ところがアメリカは、去年暮れから北朝鮮には微笑外交へと切り替える一方、イランには相変わらずの強硬路線で応じている。

アメリカの次期大統領はどんな外交政策を採るのか。
共和党の大統領候補の一番手、ジュリアーニニューヨーク市長が最近、外交政策を発表したというので読んでみた。「現実的な平和に向けて」(Toward a Realistic Peace)と題する論文である。彼によれば、次期アメリカ大統領は、三つの外交政策上の挑戦に直面するという。
第一にして最大の挑戦は、グローバルなテロリストとの戦争における勝利の道を示すこと。第二は、テロリストが破壊しようとする国際シムテムを強化すること。第三は、このシステムの恩恵を拡大することである。そして、その実現に最も効果的な手段は、より強力な国防力を築き、決然たる外交を展開し、アメリカの経済的・文化的影響を拡大していくことだという。その結果として、永続的で現実的な平和の基盤を作ることができると結論づけている。
保守派の面目躍如なのが、イラク戦争に対する評価だ。
ジュリアーニによれば、ベトナム戦争の教訓は、1972年にはベトコンを打ち負かすことに成功していたのに、アメリカが支援をやめたため、北に南を占領させてしまったことだ。そのためにカンボジアでは虐殺が起き、ロシアの拡大主義を助長した。この過ちを繰り返してはならず、イラクを放棄することは許されないと主張する。
イランに対しては、あくまで強面で通す。
「イランの宗教支配者は、我々がニンジンだけでなく(叩く)杖も使えるということを理解する必要がある。それは、体制への人民の支持を掘り崩し、イラン経済に打撃を与え、イラン軍を弱めるだろう。少なくとも、核施設だけは破壊するだろう」。露骨な軍事攻撃の脅しである。

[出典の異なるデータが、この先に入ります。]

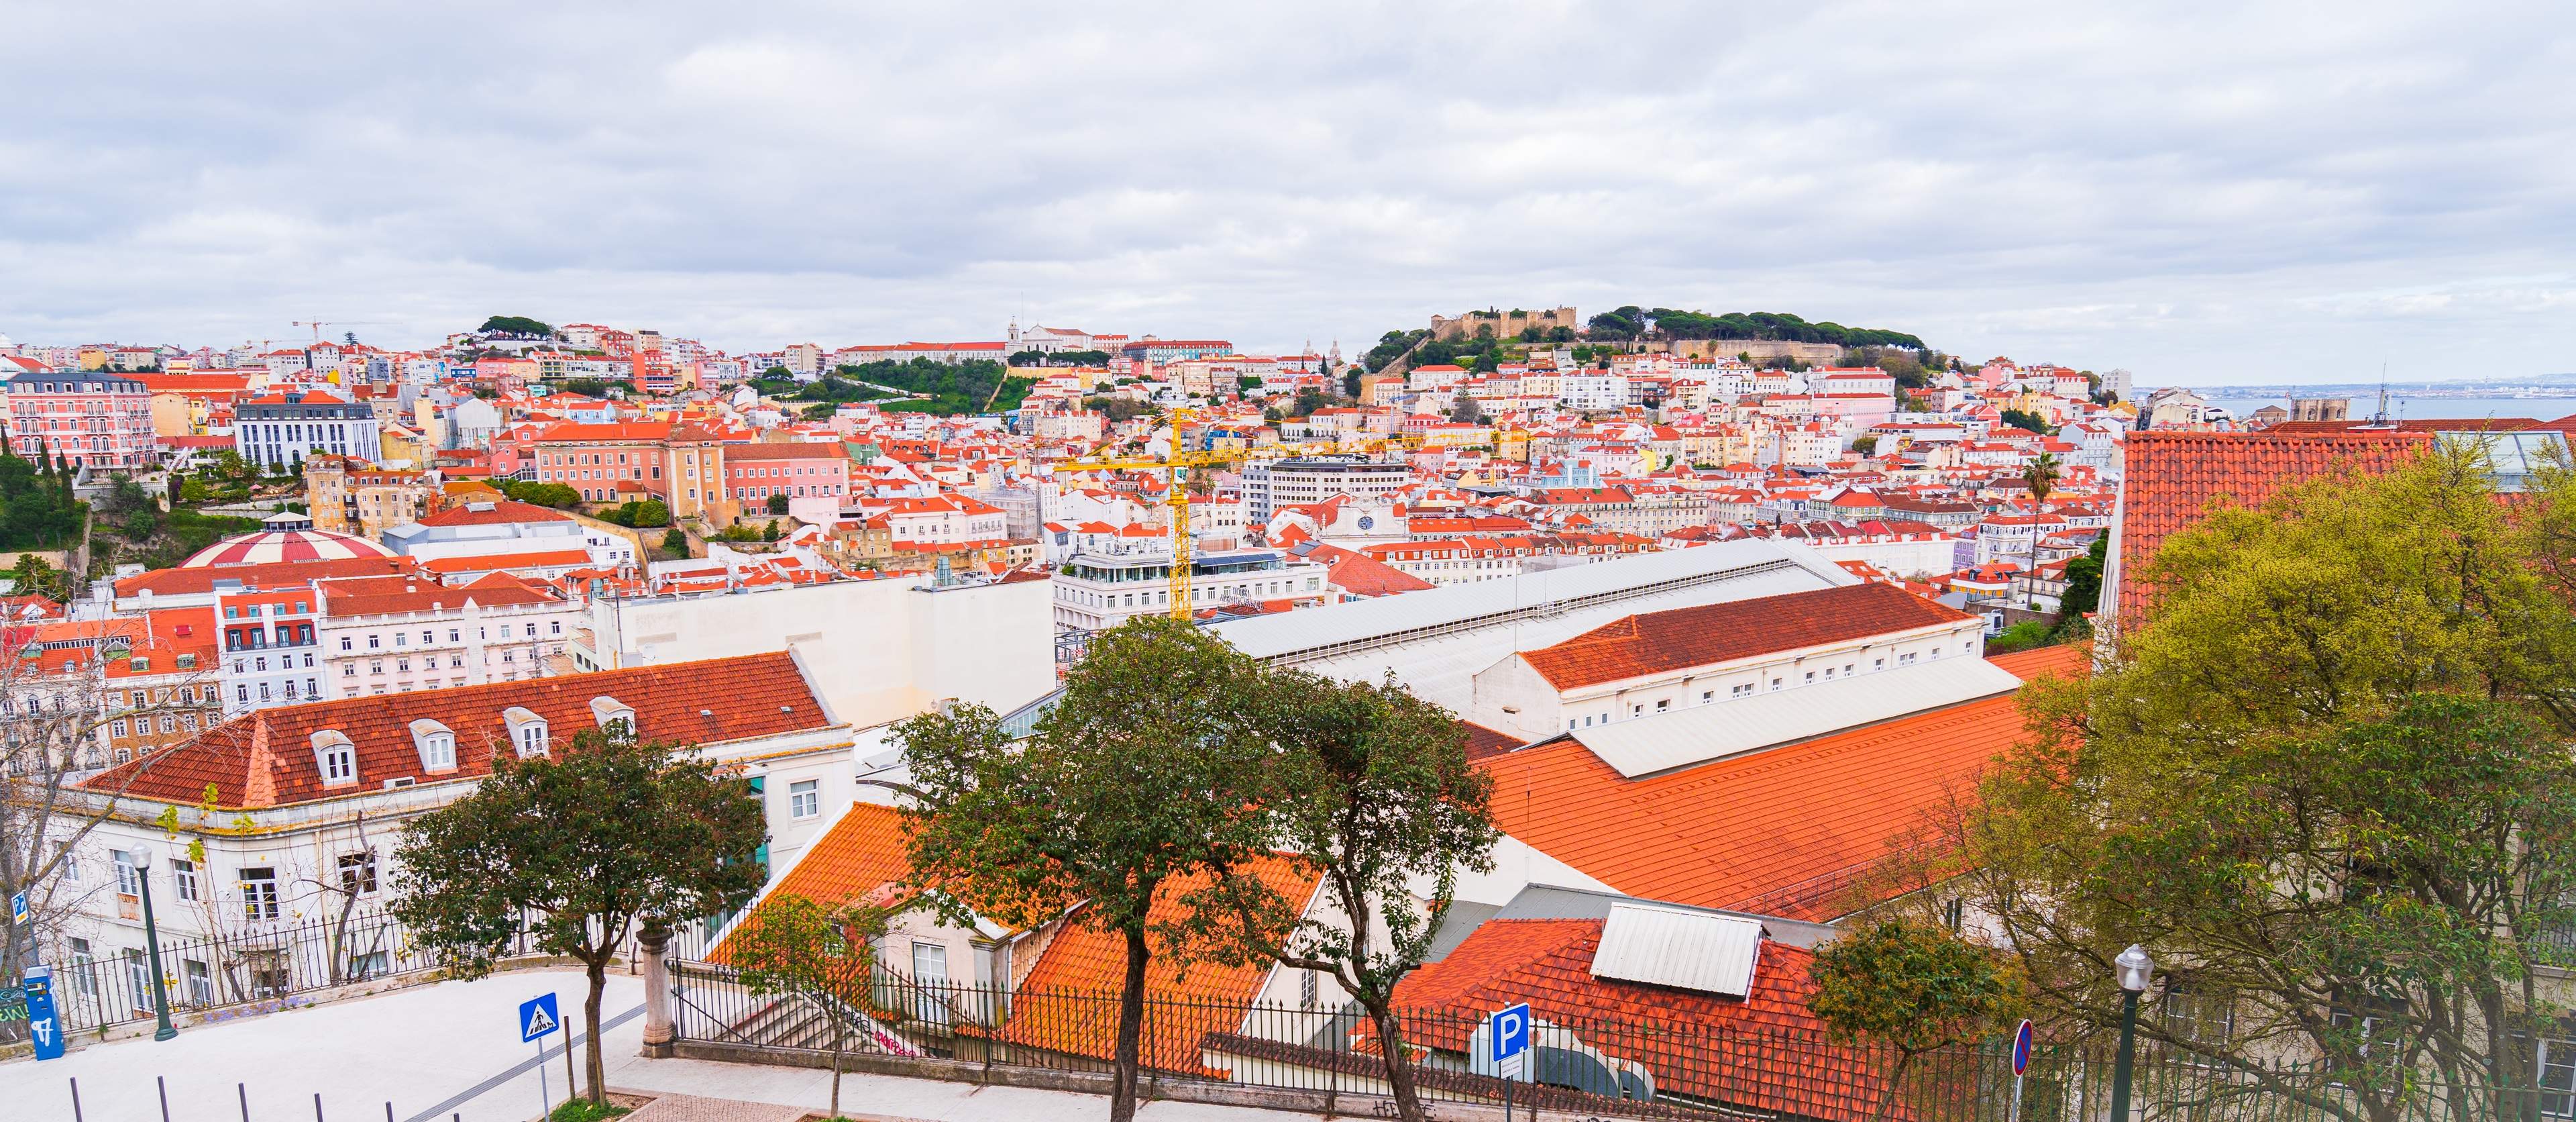 The view from Miradouro de São Pedro de Alcântara, Lisbon, Portugal

こうした中東政策は、「イスラエルの安全保障に対するアメリカの支持は、我々の外交政策の永久の特徴である」という主張に裏付けられている。ジュリアーニが大統領になっても、イラン主敵論には変化がなさそうだ。
民主党はどうかと言えば、実は共和党よりイスラエルとのつながりが深い。だから、ヒラリーあたりが当選しても、やはりイランに対しては強硬路線を緩めない可能性がある。

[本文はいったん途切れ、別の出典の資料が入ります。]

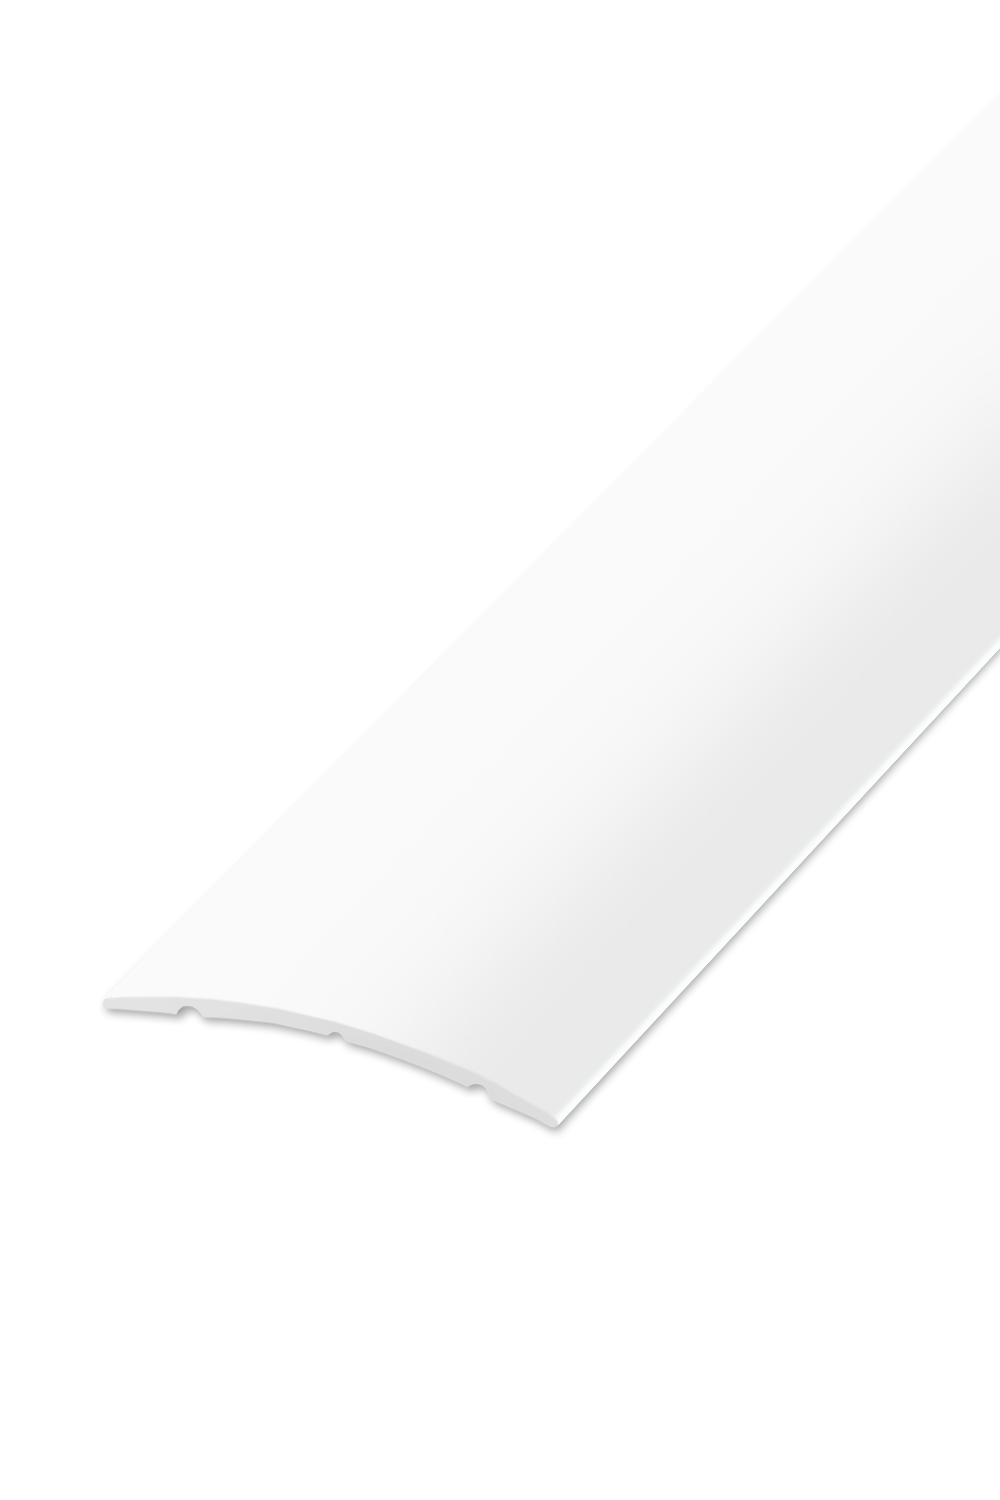 Přechodová lišta STANDARD 32 - Bílá Matná 90 cm

今年3月中旬、ワシントンDCでユダヤ人圧力団体AIPACの政策会議が6000人を集めて開かれた。チェイニーだけでなく、下院議長のナンシー・ペロシ(民主)も挨拶で演壇に立ち、上下院議員のほぼ半数が参加した。アメリカ政治におけるユダヤロビーの存在感は圧倒的である。民主党共和党いずれが勝っても、イスラエルの安全保障が優先される中東政策が展開されるはずだ。
そしてジュリアーニの論文には、最後まで北朝鮮は登場してこなかった。アメリカでは北朝鮮への関心は非常に低い。アメリカの対北朝鮮政策が大きくぶれるのは、「どうでもいい」からなのだろう。アメリカにとって東アジアには「イスラエル」はないのだから。